In my experience growing up in the uk (majority of people are not religeous), the majority DO have a good sense of what is right and wrong.


Oh certainly, I agree. However, the lack of (non-awful) explicit, atheistic writing on morality is still an important problem, and helps religious people get away with denying atheists can be moral. If you are moral, but can't explain why, it's easier for people to doubt.


The annoying thing with religion is that each has a body of good principles which serve to lure new believers, and then after that it's: "Now that you've learned all the good stuff that actually makes sense, here's more 'good stuff'" and then they proceed to teach arbitrary principles and even harmful ones that sometimes completely contradict the actually good principles.

Example: "Don't kill your neighbor." Hey that makes sense, let's become Christian! And then later you read in the Bible that "if your neighbor does X or Y, KILL HIM WITHOUT MERCY!"

As for the problem of inconsistencies in the Bible, the usual response is that you need someone to sort it out for you... But what's the point of having a reference if a big part of it is bullshit and you need someone like a priest to sort it out for you? And then you lose your self-determination...

As for the arbitrary stuff, one good example would be "Don't work on Sundays", though I admit that's not a very popular one anymore. I think it's normal that everyone holds some arbitrary beliefs without good proof but it's appalling when a MASSIVE amount of people standardize on a common body of arbitrary beliefs and then collectively "refute" your rational objections (oftentimes by refering you to "authoritative" sources like the Bible, and then you can never win against "Bible lawyers").

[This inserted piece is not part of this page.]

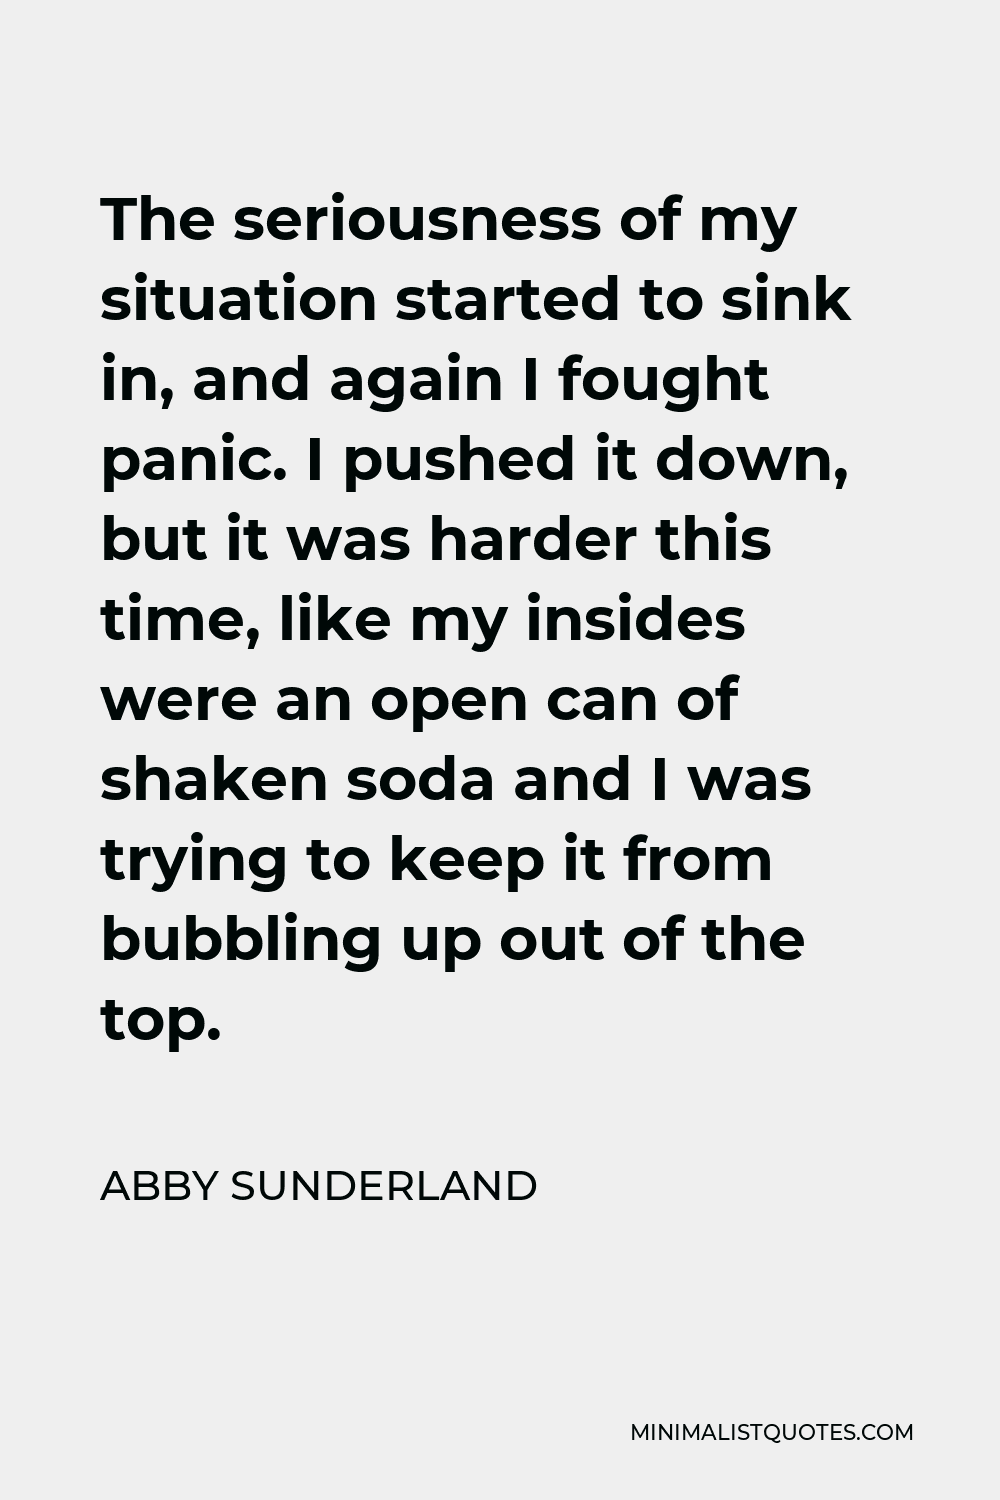 Abby Sunderland Quote - The seriousness of my situation started to sink in, and again I fought panic. I pushed it down, but it was harder this time, like my insides were an open can of shaken soda and I was trying to keep it from bubbling up out of the top.

I agree with your complaints, and many other complaints. Christianity is flawed. But the fact remains that in some situations it helps people, and we should respect that.

It's not like any of our traditions are without flaws, and it's not like starting from scratch is better than modifying existing traditions, so be kind to Christians.


sorry you feel that way im not a chrstian but i think most religions can benefit a person if its a fit for them . . as long as they dont try to convert me im cool


feel what way? i wasn't being sarcastic.


I'll go right ahead and bite the karma loss for suggesting that "near death experiences" and perhaps head trauma causes people to lean towards the bible.